Nebraska Ethanol Board's Statement on New EPA Tailpipe Emissions Standards

Today, the U.S. Environmental Protection Agency (EPA) released its final rule implementing new multi-pollutant emissions standards for light and medium-duty vehicles of model years 2027 through 2032. The rule creates a regulatory framework that the EPA projects will accelerate the adoption of electric vehicles (EVs). According to the provisions of the rule, approximately two-thirds of annual sales of new light-duty vehicles will need to be EVs by the year 2032.

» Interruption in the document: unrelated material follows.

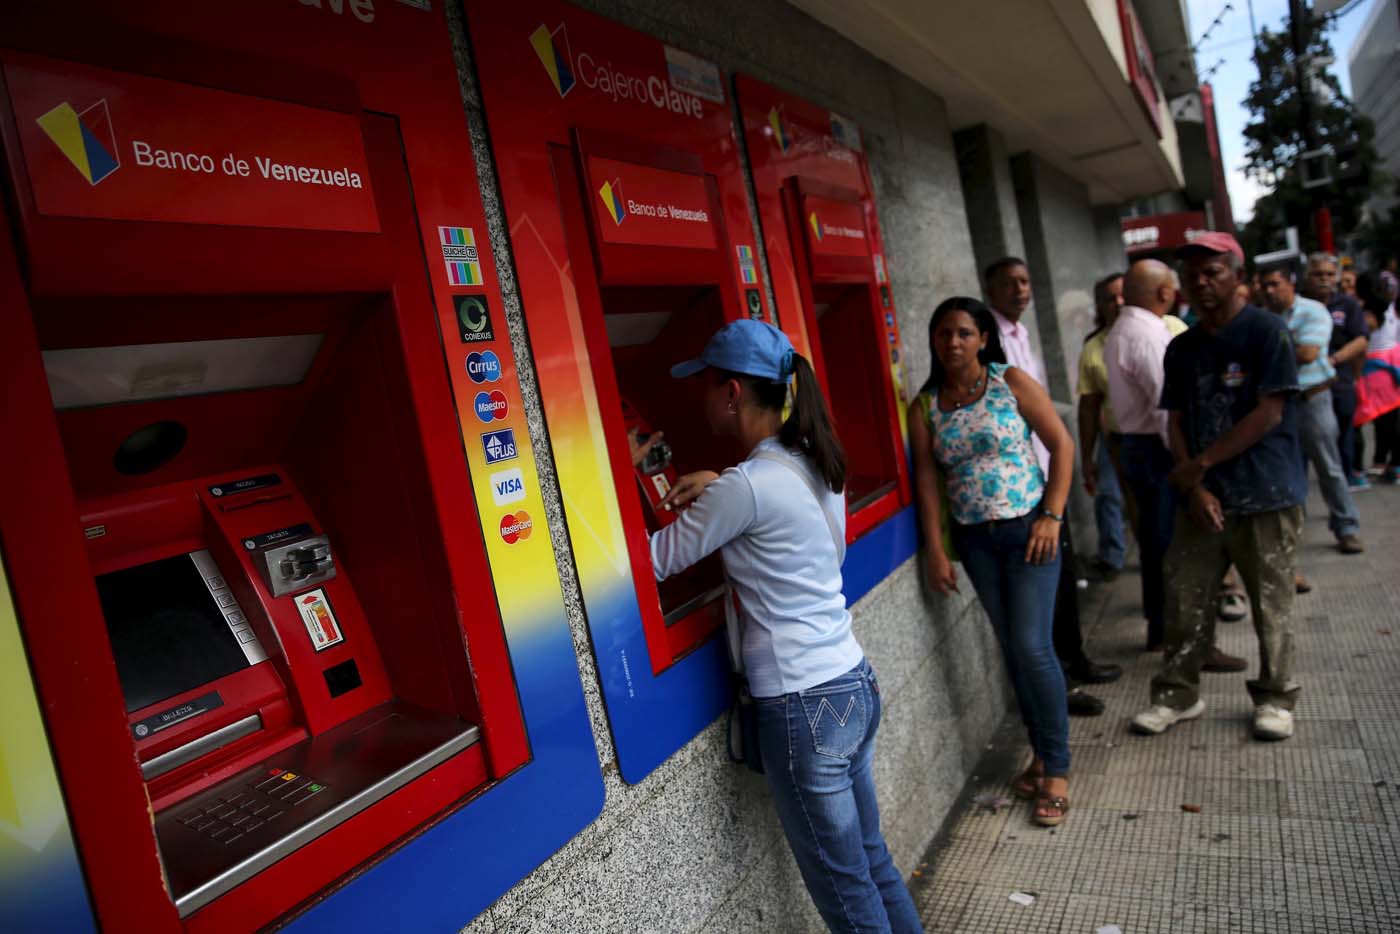 Los billetes del nuevo cono siguen sin llegar a los bancos del estado Vargas
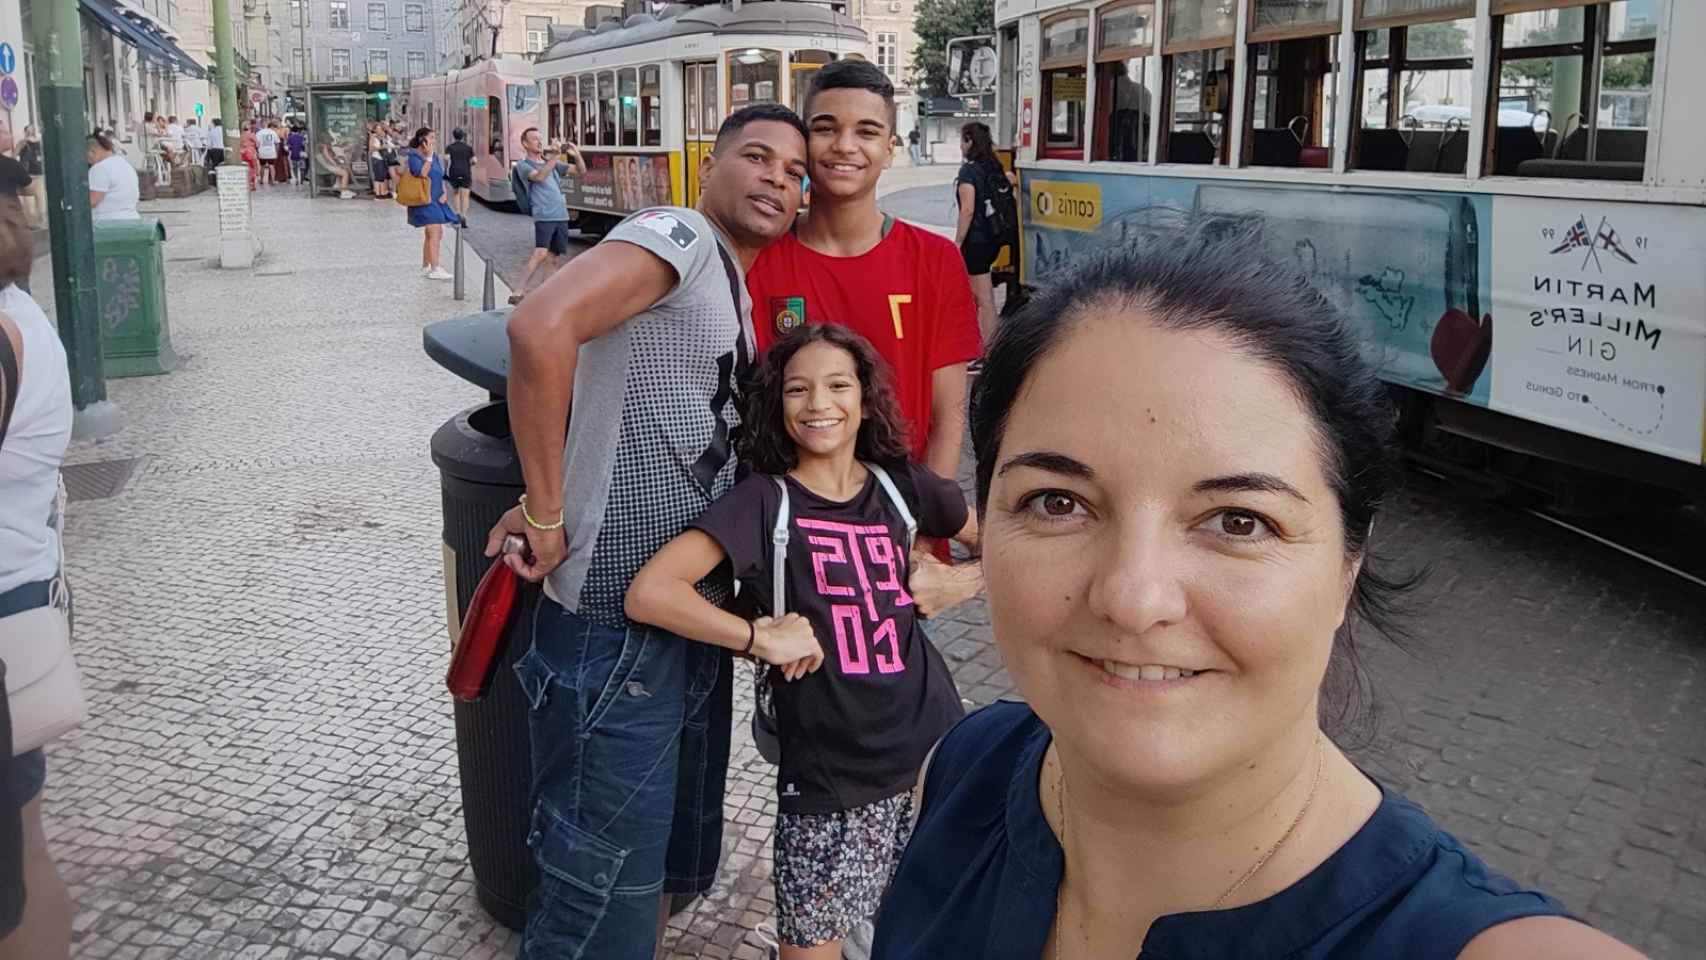 Los cuatro miembros de la familia zaragozana con altas capacidades visitando Portugal.

“Under the language of this rule, EVs are considered zero emissions. This methodology is inherently flawed, especially when considering electricity used to power an EV may come from a multitude of sources from coal-fired power plants to wind farms. Lifecycle emissions associated with the production of a given fuel, whether it is a liquid fuel or electrons, must be assessed appropriately,” critiqued Reid Wagner, executive director of the Nebraska Ethanol Board.

A 2023 study supported by the U.S. Department of Energy’s (DOE) Oak Ridge National Laboratory, and conducted by researchers at the Howard H. Baker, Jr. Center for Public Policy at the University of Tennessee, Knoxville, examined the lifetimes of U.S. light-duty vehicles. The research found that by 2020 median expected lifetimes already ranged from 17 years for passenger cars and 20 years for SUVs and vans to about 25 years for pickup trucks.

Estimates compiled by the U.S. DOE’s National Renewable Energy Laboratory (NREL) indicate that the number of light-duty vehicles registered in the U.S. has increased year-over-year since 2016, surpassing 283 million in 2022. The number of EV registrations was estimated to have surpassed 2.4 million in 2022, representing less than 1% of all light-duty vehicle registrations, while gasoline-powered light-duty vehicle registrations surpassed 241 million.

“The increasing lifetime of the hundreds of millions of vehicles already on U.S. roads today make a crystal-clear case that we must take a technology-neutral approach to lowering emissions,” Wagner continued. “According to the U.S. Department of Agriculture, ethanol is already 43% lower in lifecycle emissions than conventional gasoline, and technological advancements occurring at ethanol facilities are continually improving this percentage. The use of higher blends of low-carbon ethanol in gasoline such as E15 and E30 will be able to rapidly, and significantly, reduce carbon emissions in both the legacy fleet and engines of the future.”